Phi was performing and keeping up with Mixtral a fraction of the size and resource, Mixtral did not seem inherently better than Mistral and does not seem to be real-world better than GPT3.5 let alone cheaper than GPT3.5. And Dolphin? A new twist, a break from the mundane, but it's still tangled in Mistral's old issues.
I'd say in terms of entertainment Dolphin won this no contest. If I wanted some whacky creative writing, Dolphin > GPT3.5

Sidenote: I don’t believe Mixtral uses the “Sliding Window Attention” technique but I've got a bone to pick with this so-called 'innovation'. Frankly, I'm skeptical – it's like trying to read a book through a keyhole. Sure, you get snippets, but the big picture? Lost in translation.
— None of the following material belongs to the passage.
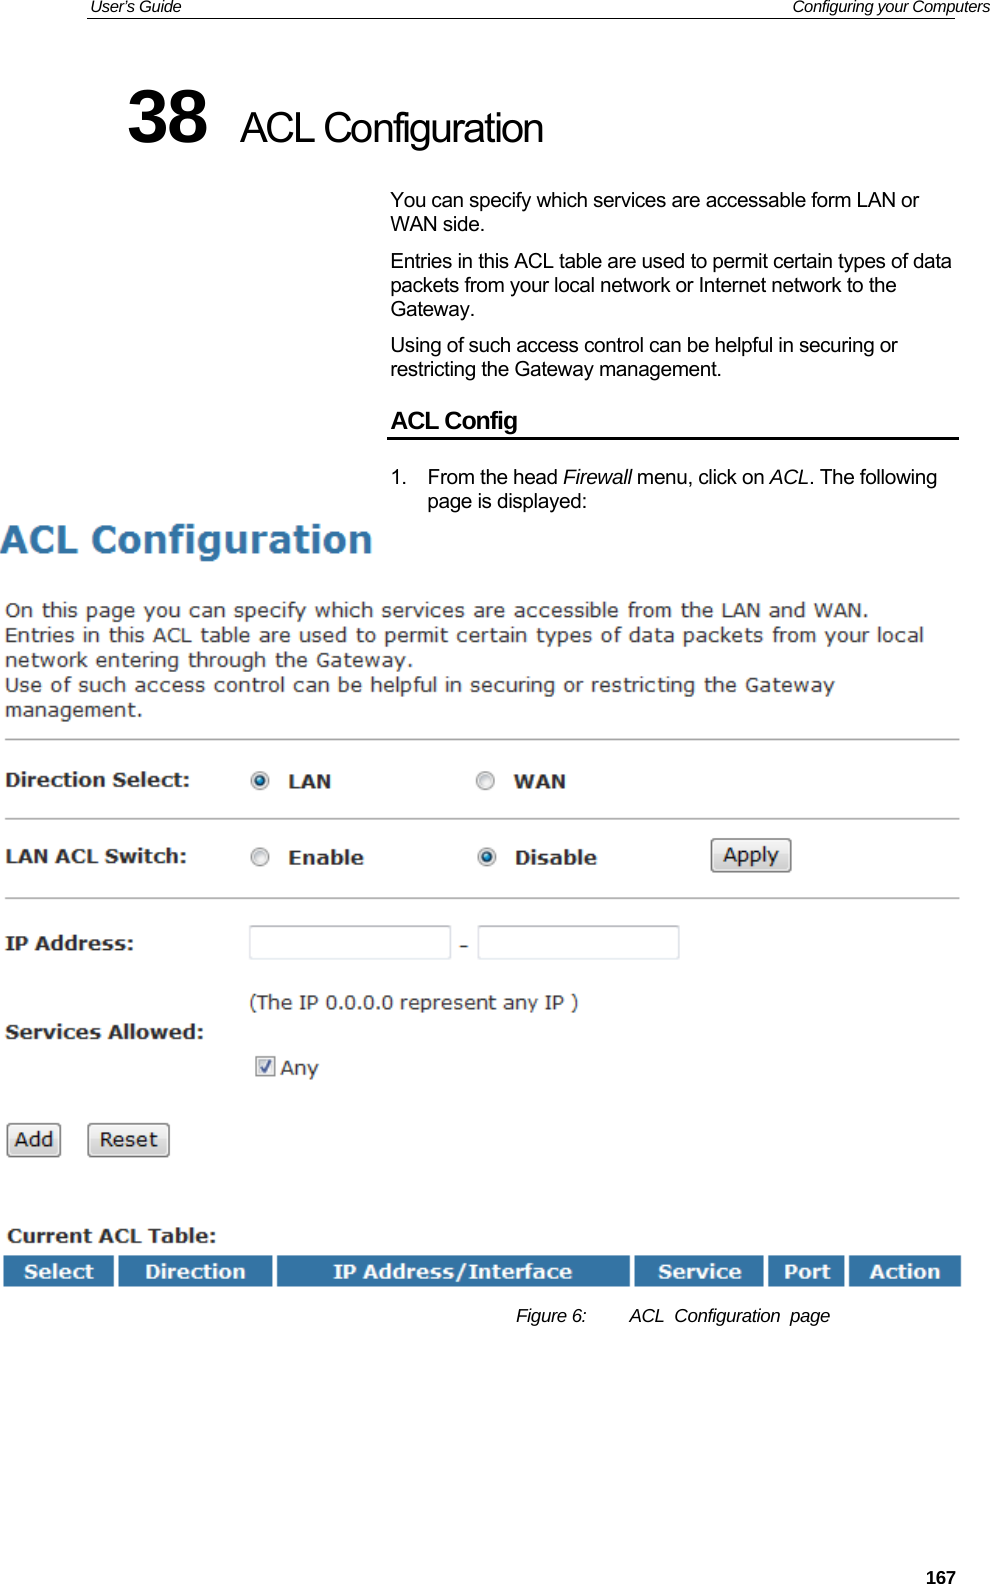 User’s Guide   Configuring your Computers 38  ACL Configuration You can specify which services are accessable form LAN or WAN side. Entries in this ACL table are used to permit certain types of data packets from your local network or Internet network to the Gateway. Using of such access control can be helpful in securing or restricting the Gateway management. ACL Config 1. From the head Firewall menu, click on ACL. The following page is displayed:  Figure 6:  ACL  Configuration  page     167

I'm itching to mess around more with Mistral, see for myself where it shines and where it trips over its own feet. But let's be real – it's hallucinating problems are quite a blocker. Is it the 'Sliding window attention' not pulling its weight, or is Mistral just inherently bonkers? Jury's still out on that one. Also how much of Mixtral is made up of Mistral? Does it matter? Are they independent?

So, here's my take: 'Sliding window attention' isn't a step forward; it's more like a clumsy sidestep. But hey, I'm not one to jump to conclusions without rolling up my sleeves and digging in the dirt. I'll keep toying with it, but don't expect me to hold my breath.

Well, there you have it – a whirlwind tour of these models and their mind-bending antics. Hopefully, these real-world-ish scenarios and use cases have given you a glimpse into the capabilities of these digital beasts. Maybe they've even confirmed some of your suspicions, or dare I say, helped you make a choice in this AI circus.

Whether you're here for the knowledge or just for the kicks, I hope this little escapade through the land of LLMs has been either enlightening or amusing. Or both. Remember, in the world of AI, expect the unexpected – and always keep a healthy dose of skepticism handy.